The latter were often so inured by their Western Front experiences during the Sulva Bay landings that they too readily dug in. This later phase of the Dardenelles campaign showed that the soldiers were far from defeated themselves. The diversionary attack by the ANZACS during the Sulva Bay landings were extremely costly in terms of casualties, however, the soldiers demonstrated their fighting spirit in that fifteen Victoria Crosses were awarded at the Battle of Lone Pine Ridge alone. Hamilton's replacement, Sir Charles Monro, was mocked by Churchill because his first recommendation on arrival in October 1915 was to withdraw. Churchill stated "He came, he saw, he capitulated".
However, Monro was a Western Front commander held in high regard. On inspecting the situation himself Kitchener agreed to Monro's plans. Even at this late stage of the Gallipoli campaign one can see the machinations of politics at work in the decision-making process. Huge pressure had been levied upon the British hierarchy to conduct this operation, yet its execution was half-hearted in terms of preparation at the strategic level and ineptly commanded at the tactical level. Again the British Official Historian puts this quite succinctly: Many reasons combined to frustrate an enterprise the success of which in 1915 would have altered the course of the war. But every reason will be found to spring from one fundamental cause - an utter lack of preparation before the campaign began.

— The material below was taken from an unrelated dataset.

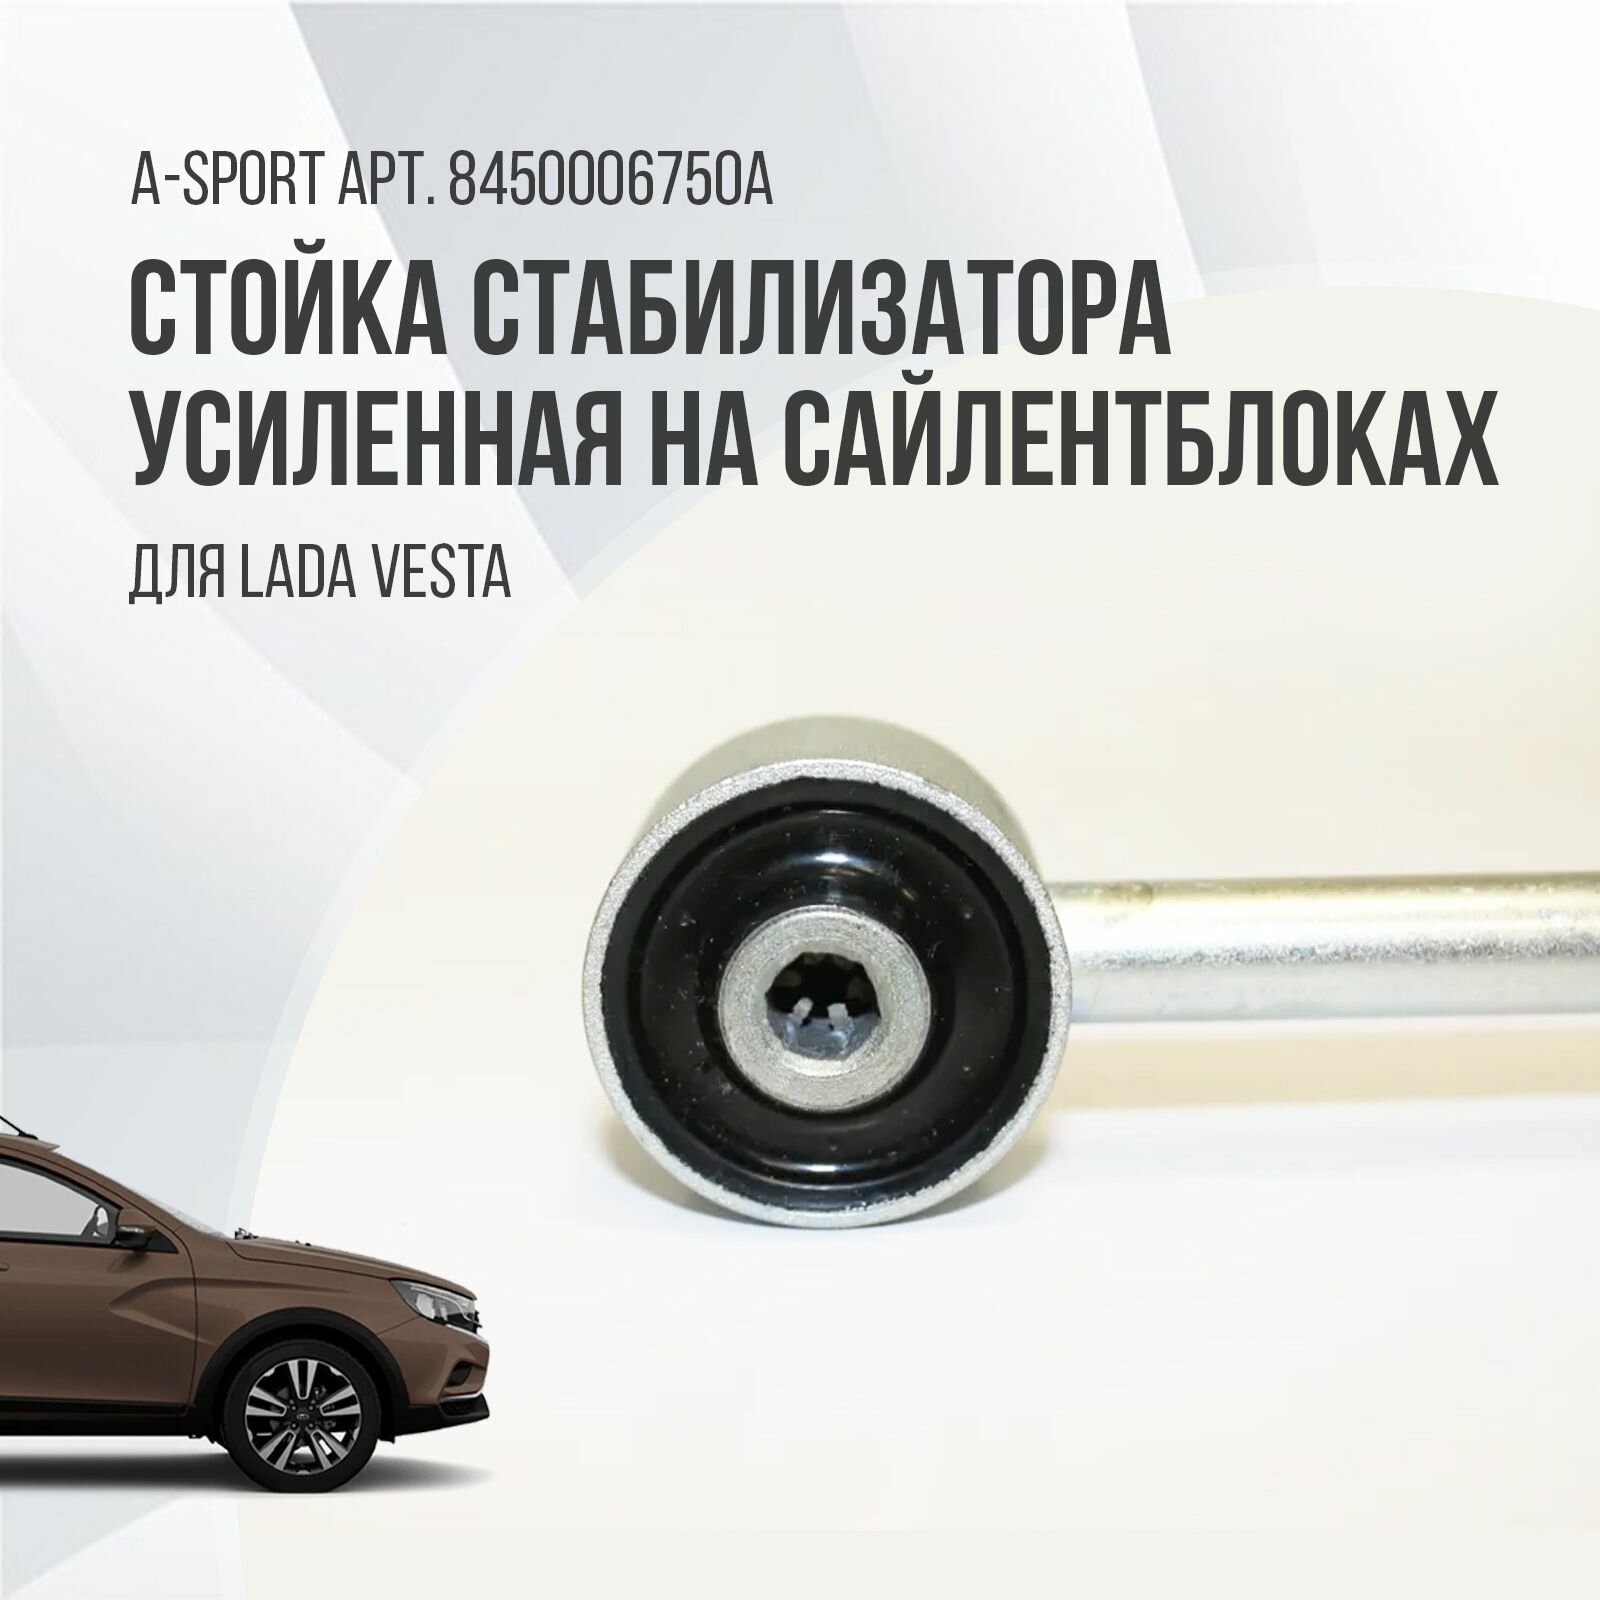 Стойка стабилизатора усиленная на сайлентблоках A-sport для Lada Vesta

This lack of preparation can be seen in the intermittent naval actions that did little material damage to the Turks but succeeded in warning them of further action. These were carried out with complete disregard to prior tactical planning that had taken place concerning the very same scenario. Nonetheless the pressure that was placed upon those in Government, particularly Churchill, for the operation to succeed caused sound tactical planning such as the need for surprise to be ignored. Hamilton's attempts were crippled from the outset due to the inadequate experience of the bulk of his forces, and the lack of necessary battle-winning artillery. His method of command was the underlying factor however in that it was indecisive and far too removed to affect the action on the ground. At lower levels this caused stagnation and stalemate on the battlefield.